Top of COLLECTED DATA

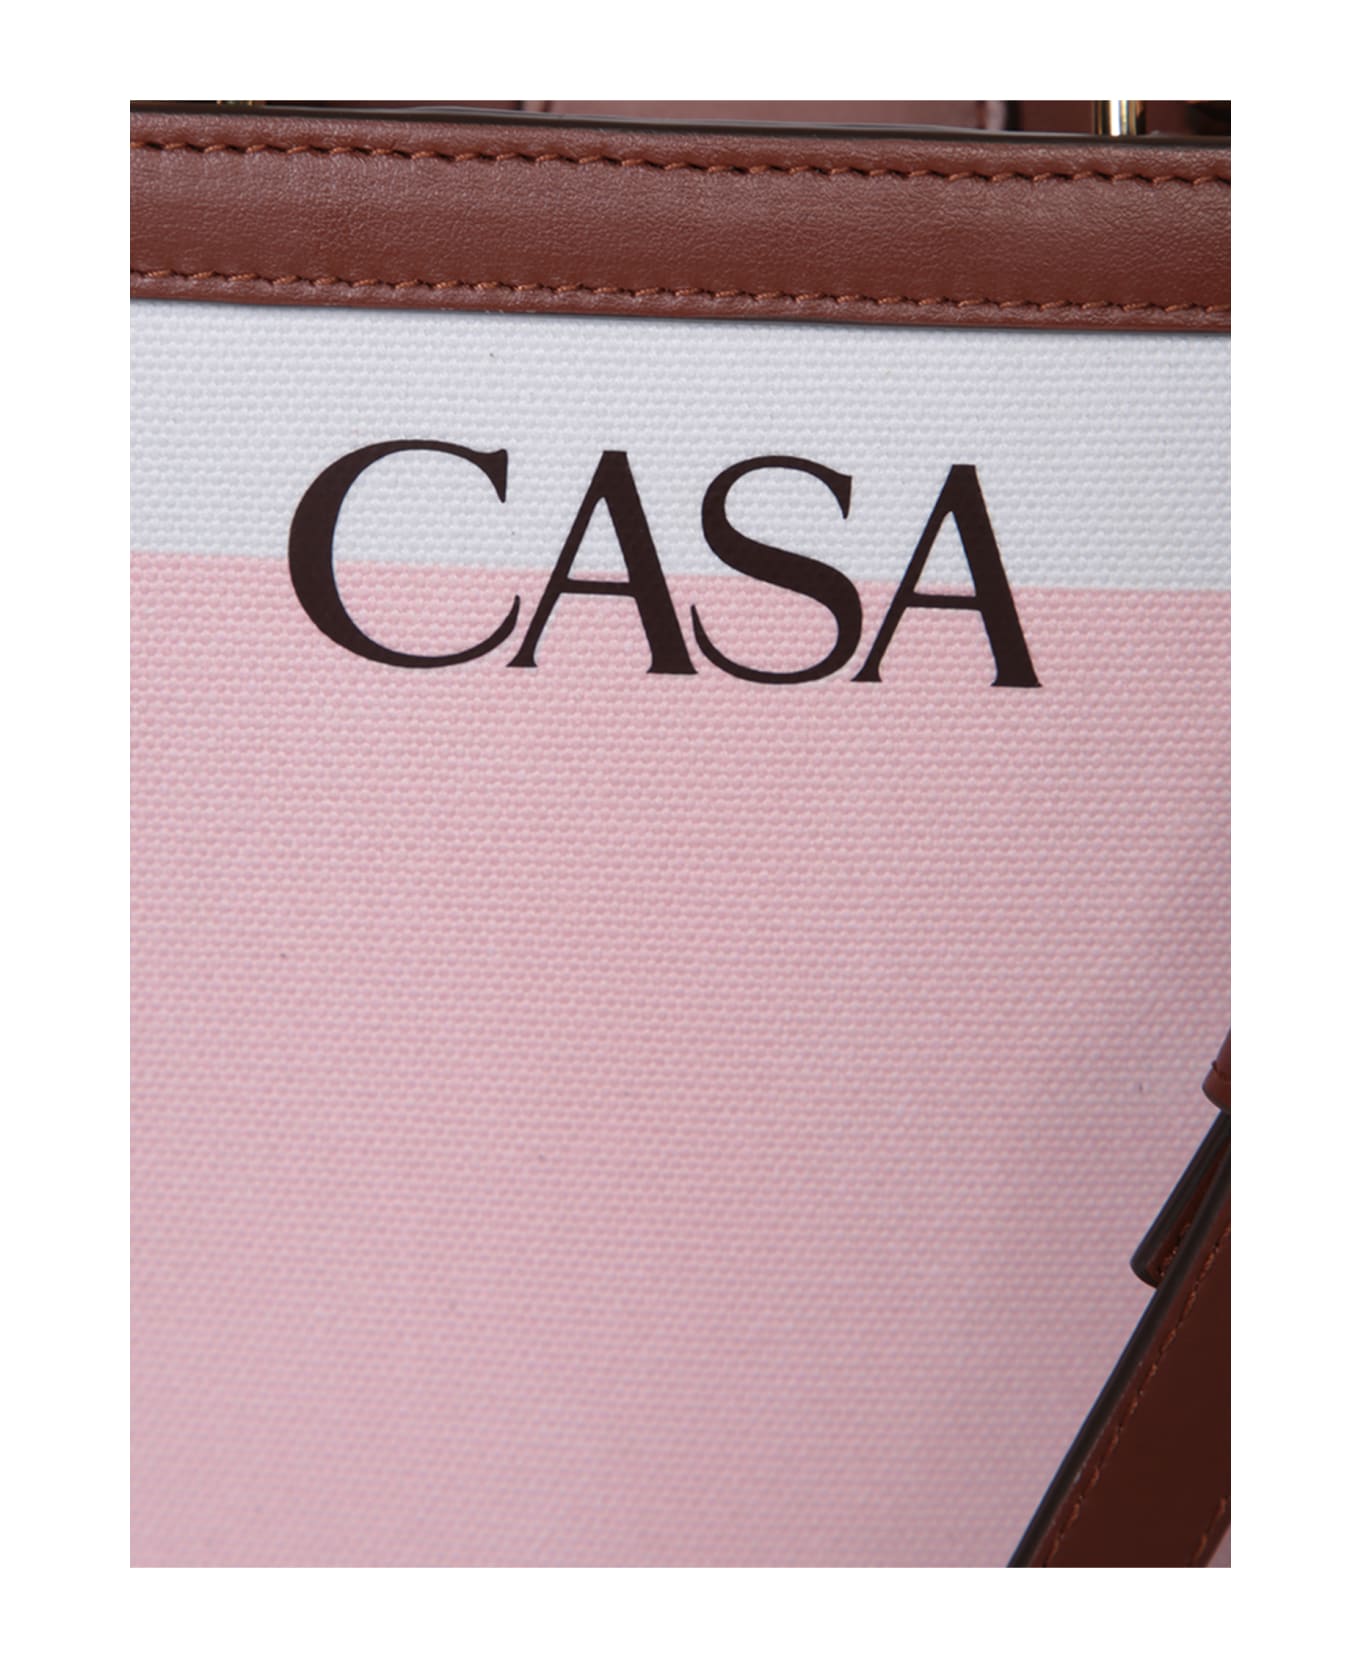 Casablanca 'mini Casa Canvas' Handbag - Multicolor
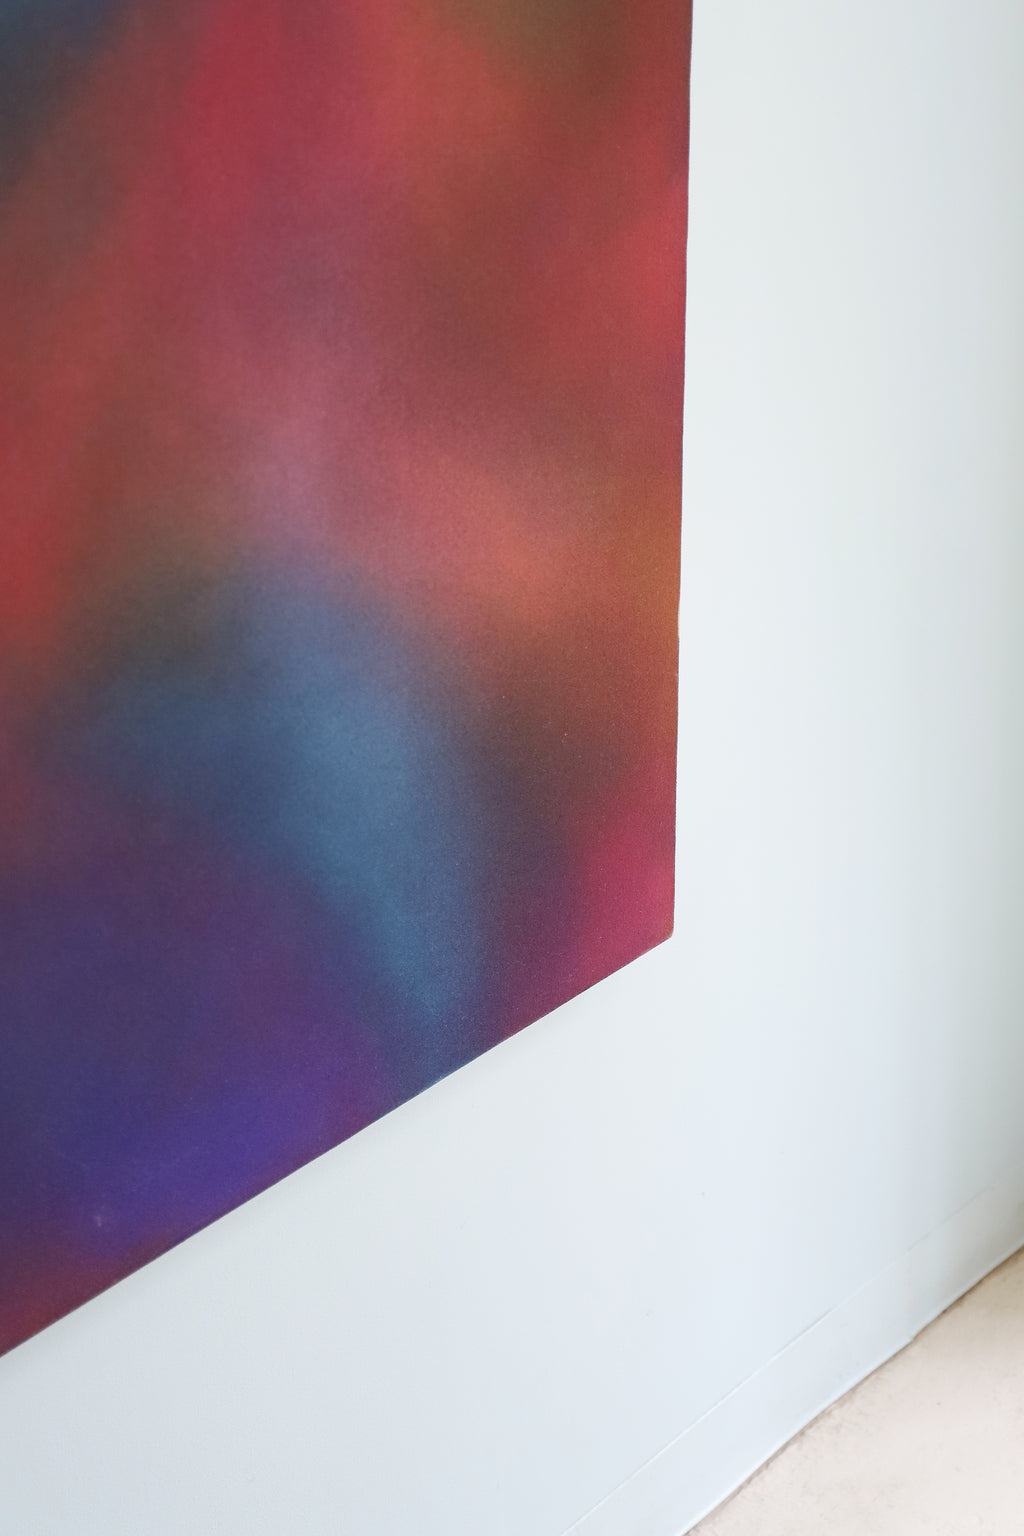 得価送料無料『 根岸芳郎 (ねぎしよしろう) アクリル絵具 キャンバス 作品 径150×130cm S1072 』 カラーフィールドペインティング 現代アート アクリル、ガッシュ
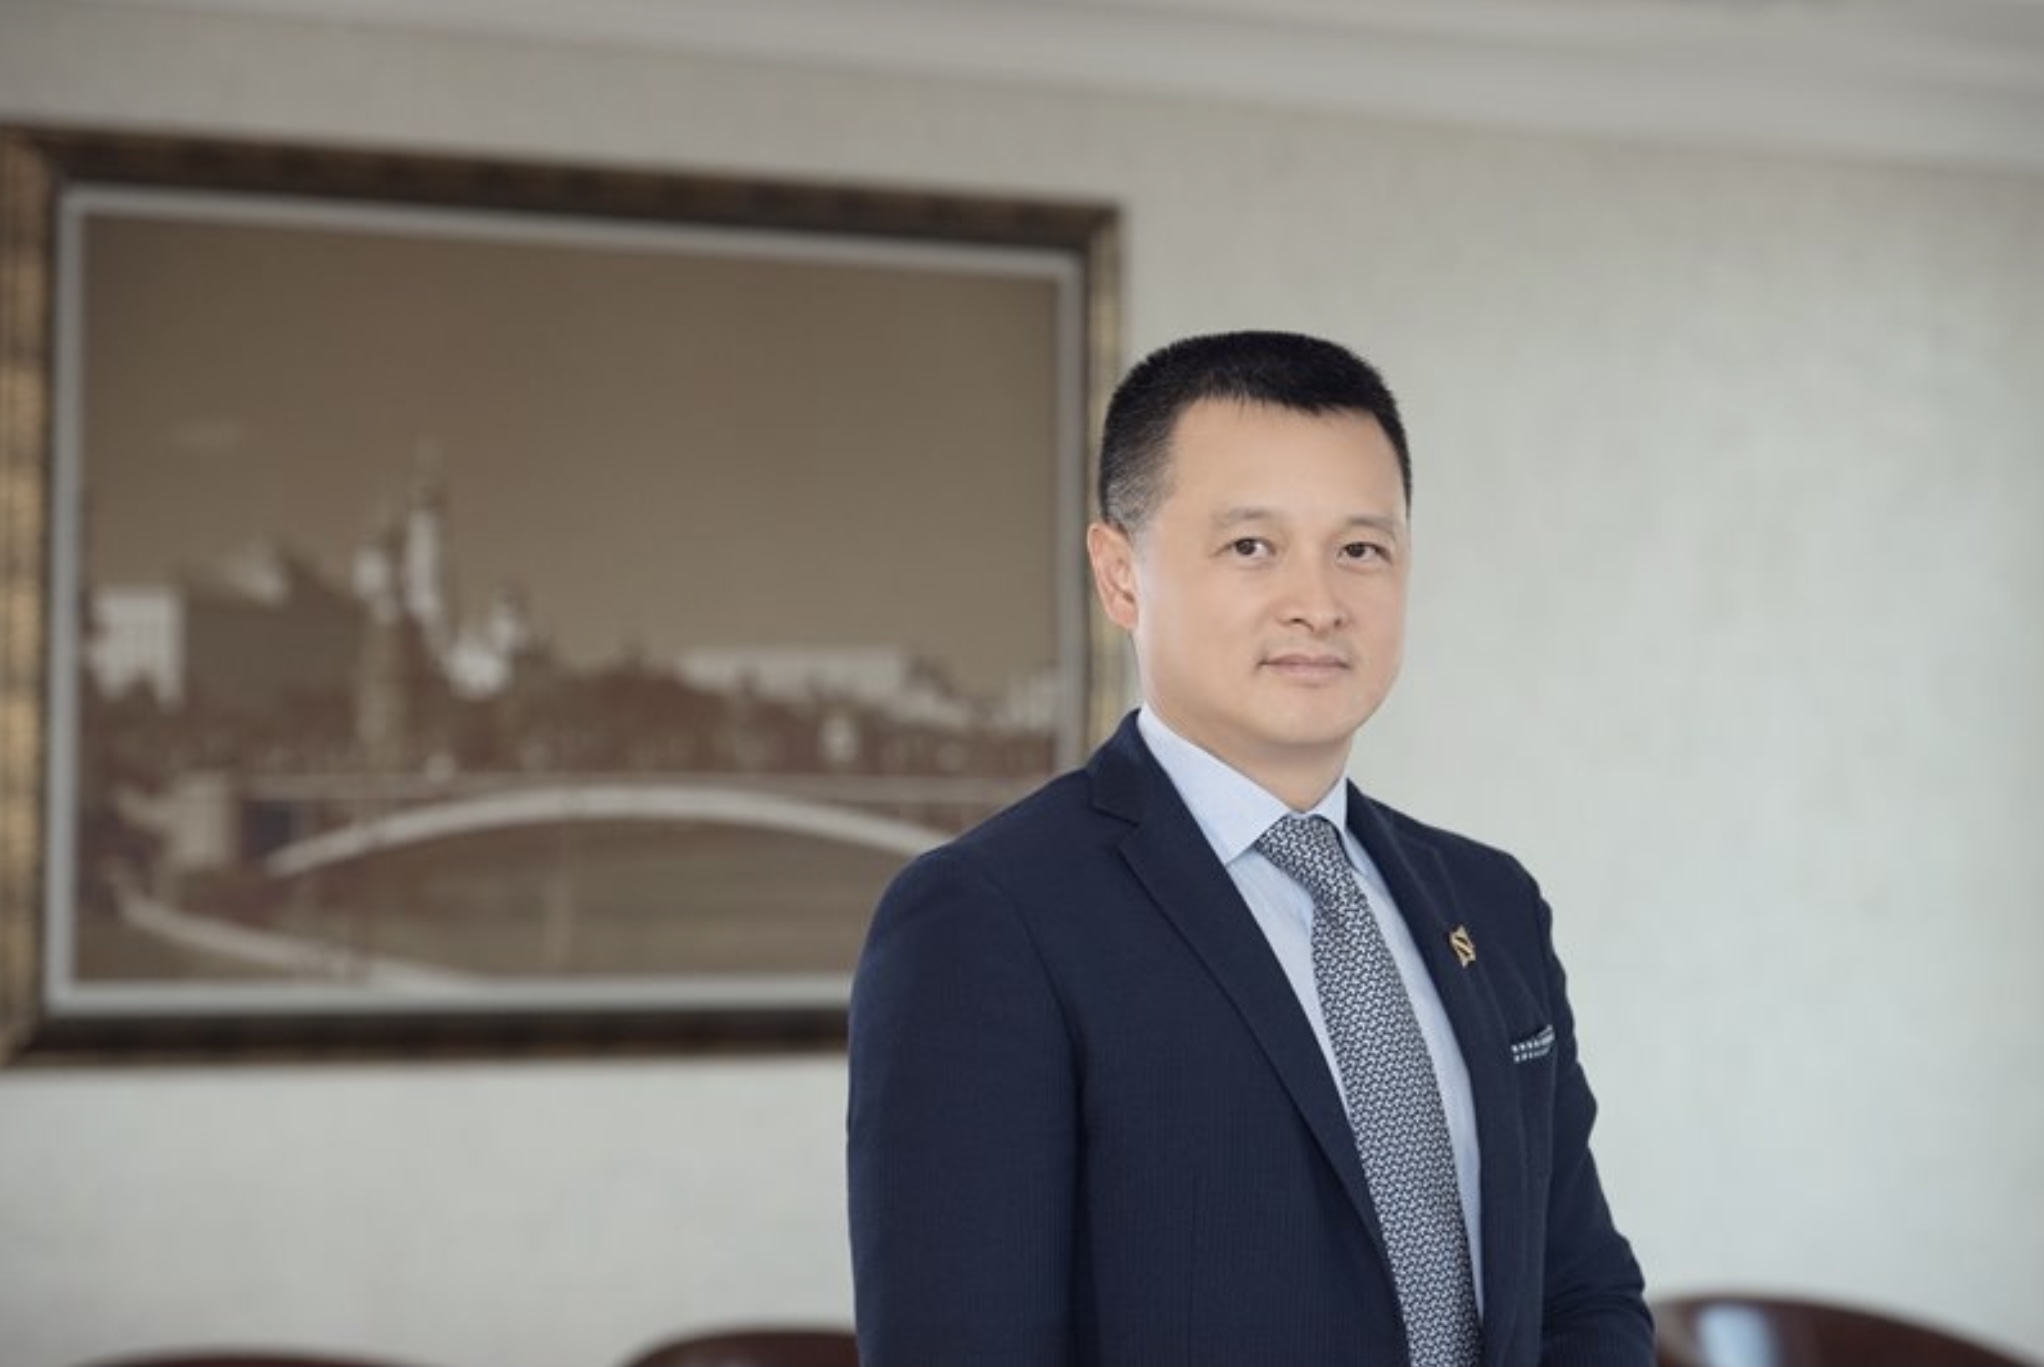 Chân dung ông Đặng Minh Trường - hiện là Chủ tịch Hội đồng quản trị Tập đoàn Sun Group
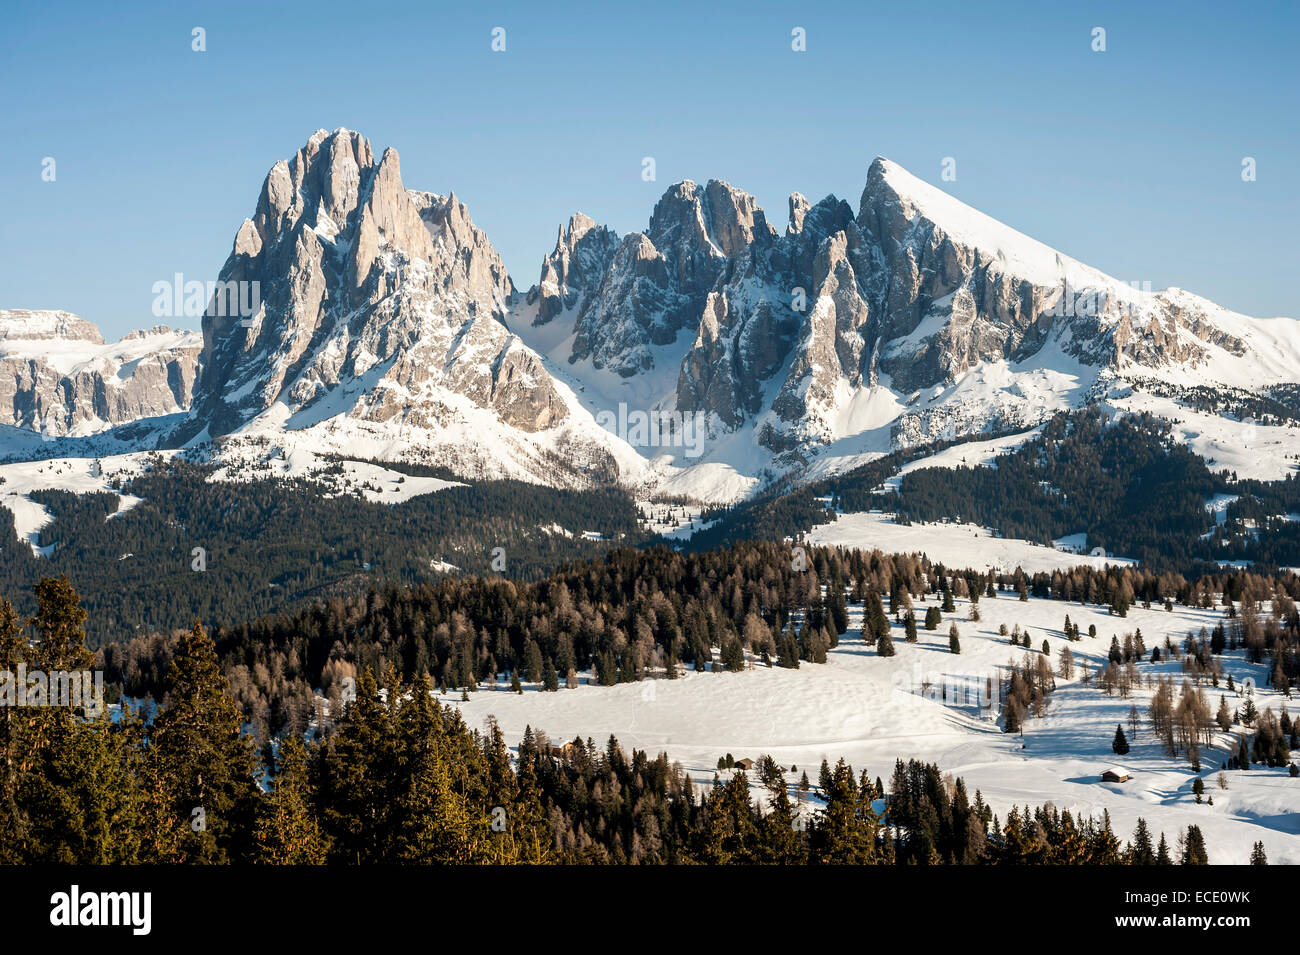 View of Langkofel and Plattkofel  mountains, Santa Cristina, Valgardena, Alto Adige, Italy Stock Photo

Bottom of COLLECTED DATA

## ACTION ITEM
Pictures aside, reproduce all of the data exactly.

## ANSWER AREA
 Casablanca 'mini Casa Canvas' Handbag - Multicolor
 得価送料無料『 根岸芳郎 (ねぎしよしろう) アクリル絵具 キャンバス 作品 径150×130cm S1072 』 カラーフィールドペインティング 現代アート アクリル、ガッシュ
 Chân dung ông Đặng Minh Trường - hiện là Chủ tịch Hội đồng quản trị Tập đoàn Sun Group
 View of Langkofel and Plattkofel  mountains, Santa Cristina, Valgardena, Alto Adige, Italy Stock Photo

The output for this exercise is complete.